No outro dia uma escolta voltou ao local do combate para recolher os soldados mortos e feridos.

Dois sentimentos foram despertados, diz o historiador Eduardo Sciscínio: “o de euforia dos escravos, que numa visão errônea da vitória final, multiplicaram as incursões nas fazendas próximas, e o de vingança dos fazendeiros que aguçaram o seu ódio aos negros e passaram a pressionar o Governo Imperial”.

Comandados pelo Oficial Luiz Alves de Lima e Silva, o futuro Duque de Caxias, uma força da Guarda Nacional se deslocou, em 14 de novembro de 1838, subindo o caminho do Comércio, através da vila de Iguassu em direção à Vassouras, juntando-se a guarda local.

Ao chegar a região do conflito, cercaram o Quilombo com uma força numerosa, “os escravos resistiram como puderam: à unha, à faca, jogando com astúcia e com a vida”.

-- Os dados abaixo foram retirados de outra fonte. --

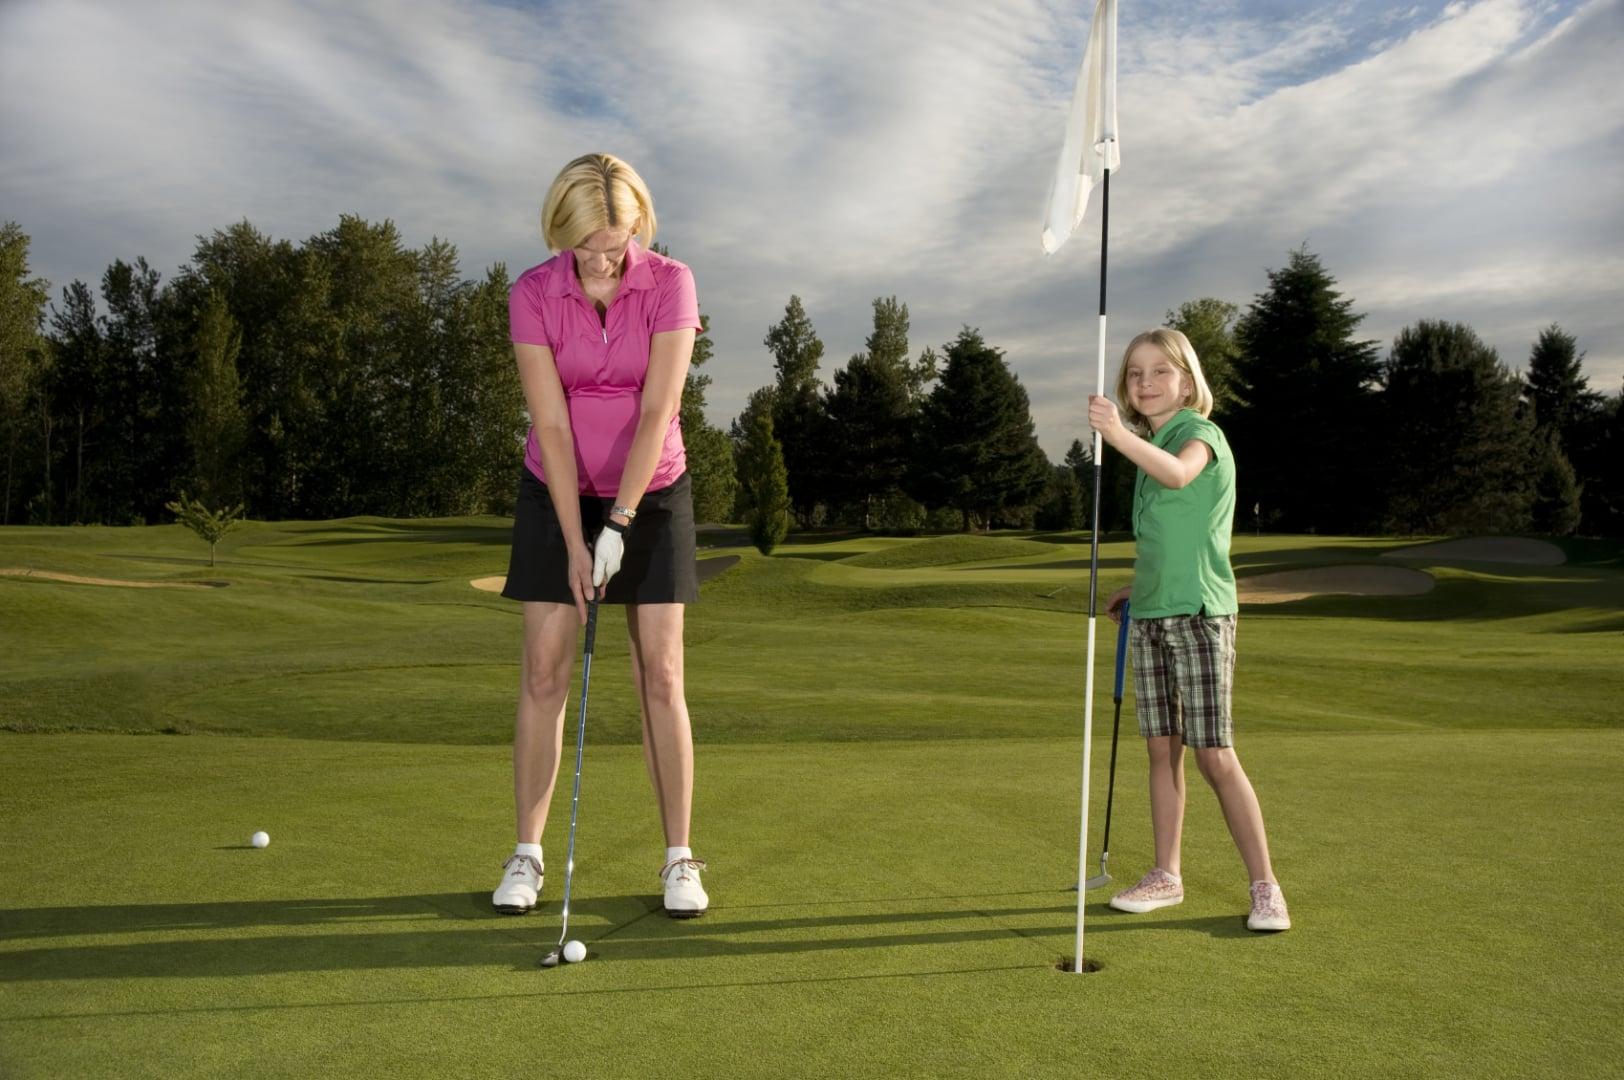 Golf Familienurlaub Gut Landegge Emsland Golfspielen

Os feitos heróicos de Manoel Congo, que ao lado de Maria Crioula, foram presenciados pelos seus companheiros, infelizmente não ficaram registrado para a história. Os vencidos não têm heróis.

Após os negros baterem em retirada para o interior da floresta, deixando dezenas de mortos e feridos, Manoel Congo e Maria Crioula foram levados presos junto com seus companheiros de comando para Vassouras.

“Caxias era o tipo escarrado do herói” diz Eduardo Sciscínio, “matou escravos como ele só. Voltou glorioso apanhando admiração que eram até imorais. As moças jogavam-lhe olhares, os rapazes batiam palmas, os velhos matavam leitoas em honra dele”.

No dia 6 de setembro de 1838, subia ao cadafalso na cidade de Vassouras, para ser enforcado em praça pública, aquele que deveria ser considerado um símbolo de resistência da raça negra ao cativeiro no Estado do Rio de Janeiro: Manoel Congo.

Seus companheiros, Justino Benguela, Antonio Magro, Pedro Dias, Bellarmino, Miguel Creôlo, Canuto Moçambique e Affonso Angola, como líderes da revolta, sofreram a pena de seiscentas e cinqüenta chibatadas e gargalheira pôr três anos. Maria Crioula e os demais foram “absolvidos” e entregues aos seus donos.

Liderar uma revolta com cerca de trezentos escravos numa região comandada pelos “Barões do Café”, é um feito heróico, que deveria ser ensinado nas escolas e que segundo o historiador Manoel Florentino: “É necessário que haja heróis negros, principalmente para as crianças negras terem com quem se identificar”.